(Data below begins)
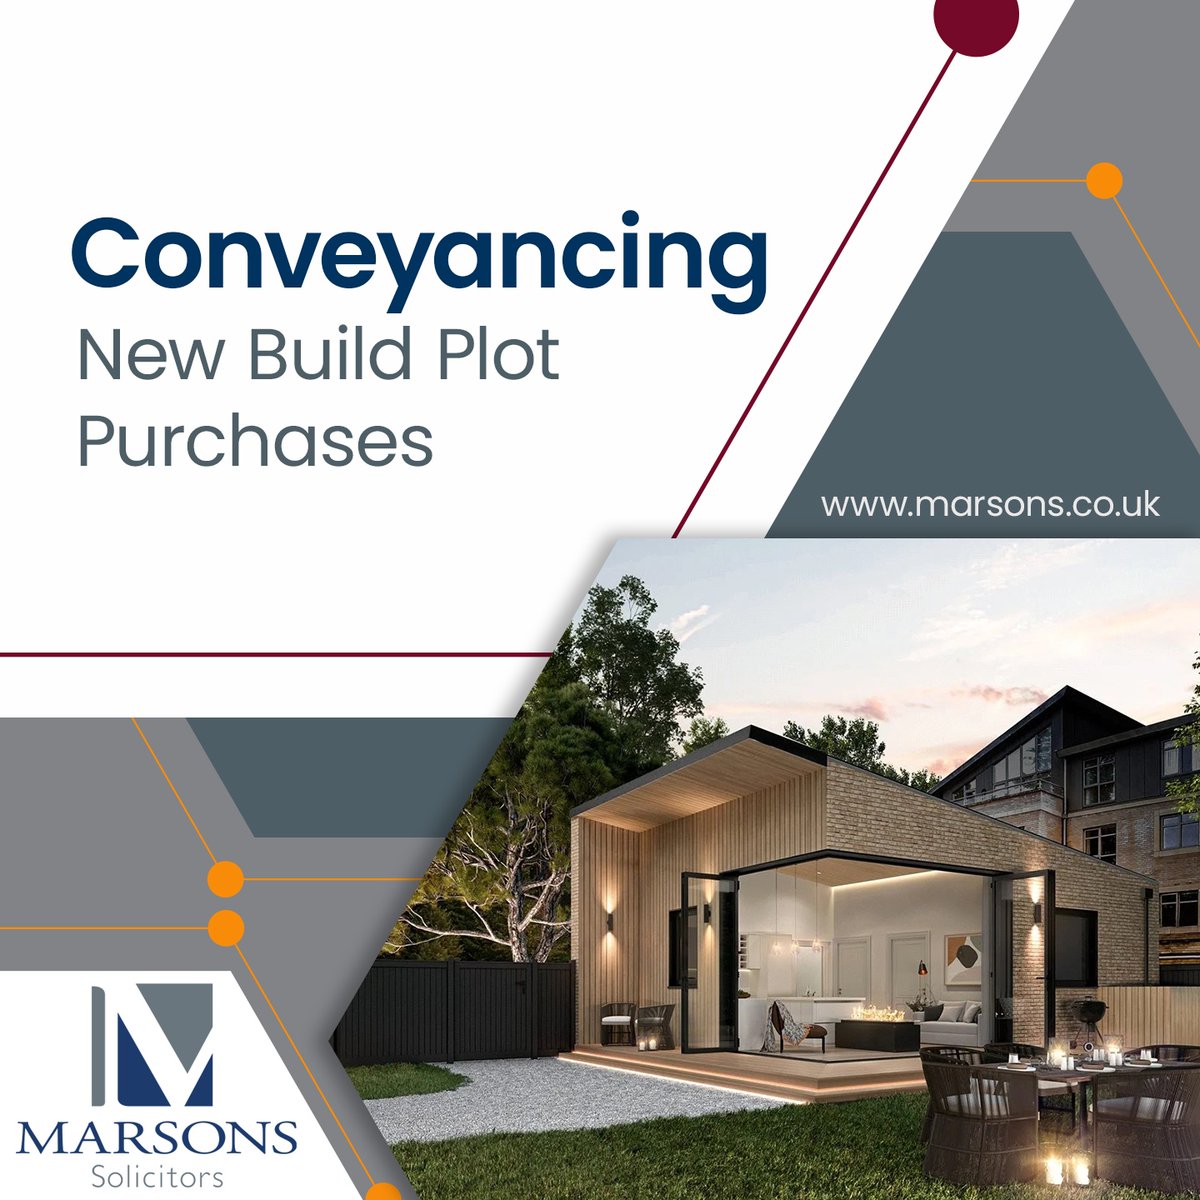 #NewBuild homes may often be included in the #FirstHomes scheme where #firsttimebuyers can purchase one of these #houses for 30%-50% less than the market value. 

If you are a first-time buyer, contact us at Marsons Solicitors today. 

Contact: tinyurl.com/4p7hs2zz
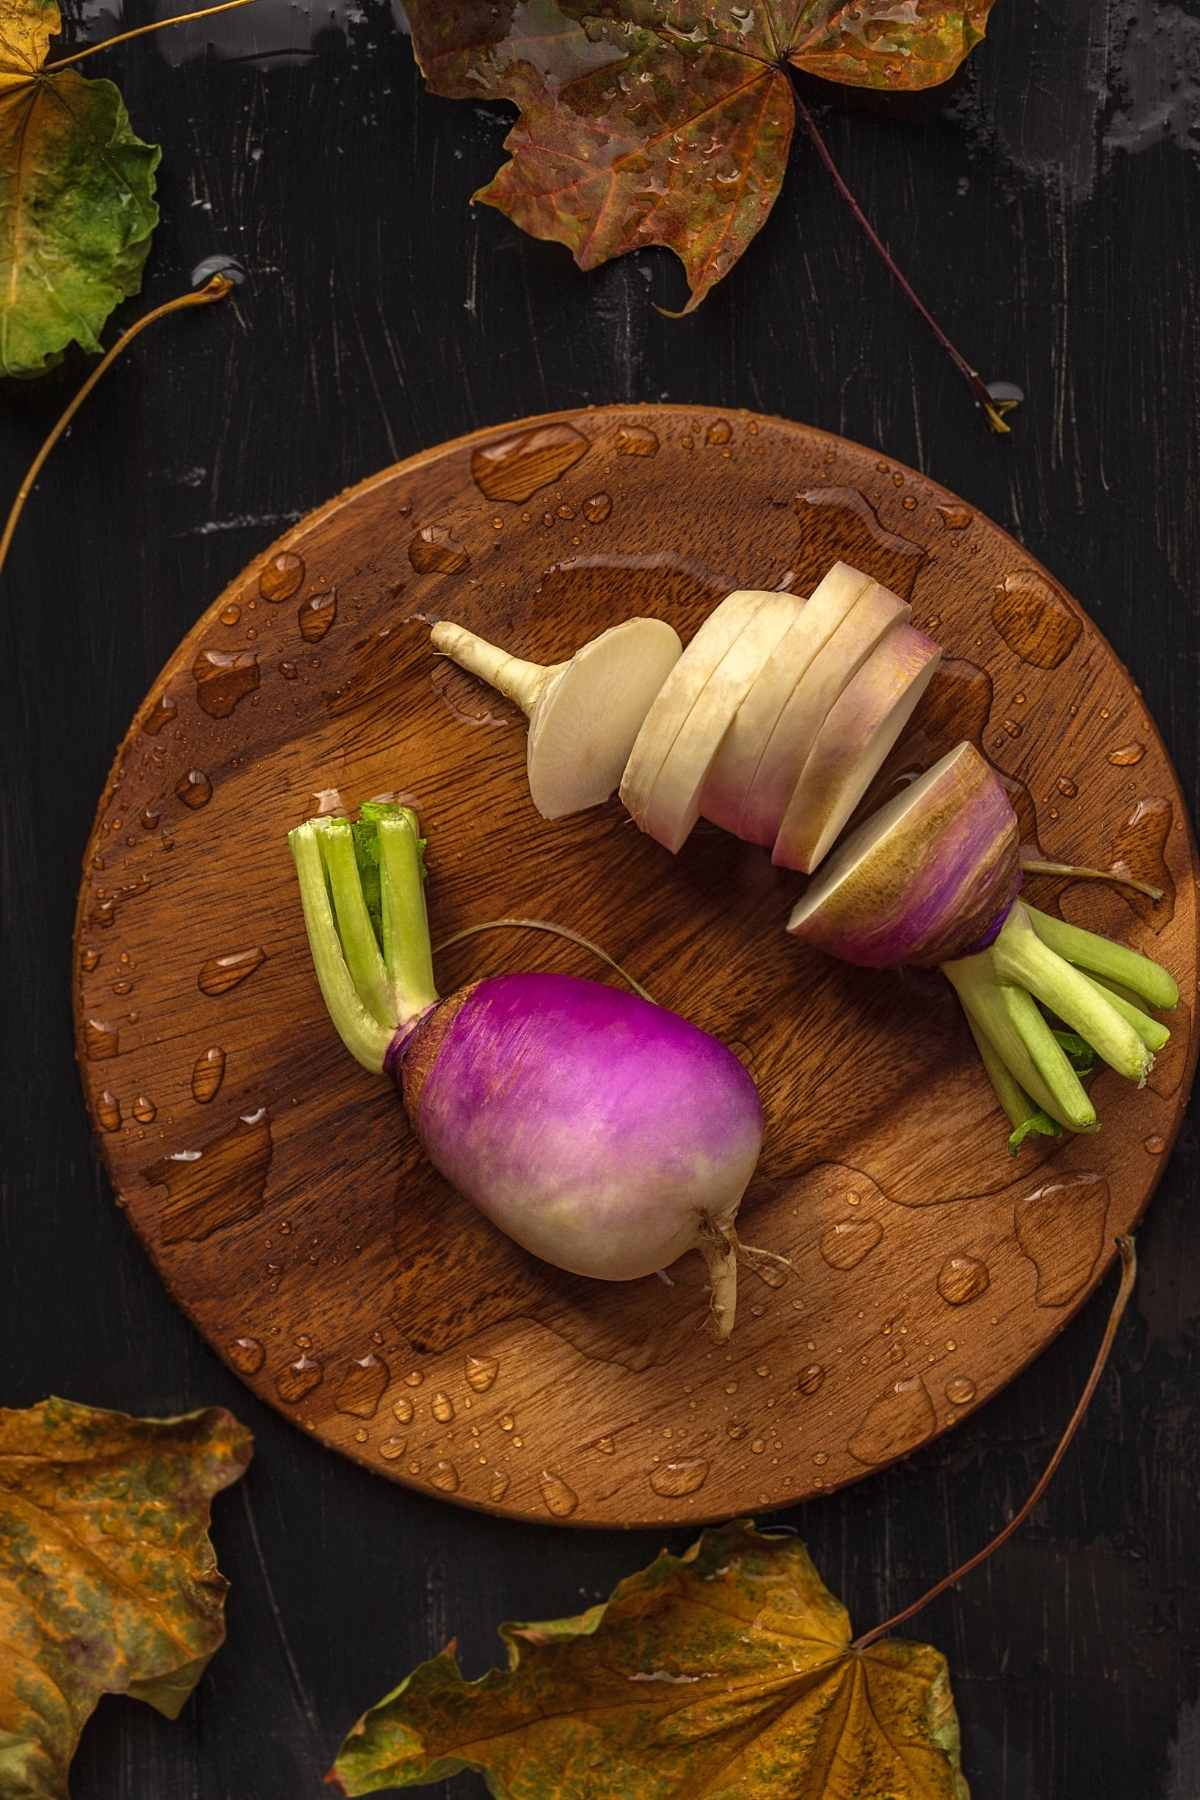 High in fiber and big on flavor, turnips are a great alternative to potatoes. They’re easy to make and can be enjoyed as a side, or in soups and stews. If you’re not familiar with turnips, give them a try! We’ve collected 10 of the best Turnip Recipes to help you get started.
(Data below ends)
What is required
Only the text of the listing above is wanted, transcribed exactly, without its images.

Reply to the exercise
 #NewBuild homes may often be included in the #FirstHomes scheme where #firsttimebuyers can purchase one of these #houses for 30%-50% less than the market value. 

If you are a first-time buyer, contact us at Marsons Solicitors today. 

Contact: tinyurl.com/4p7hs2zz
 High in fiber and big on flavor, turnips are a great alternative to potatoes. They’re easy to make and can be enjoyed as a side, or in soups and stews. If you’re not familiar with turnips, give them a try! We’ve collected 10 of the best Turnip Recipes to help you get started.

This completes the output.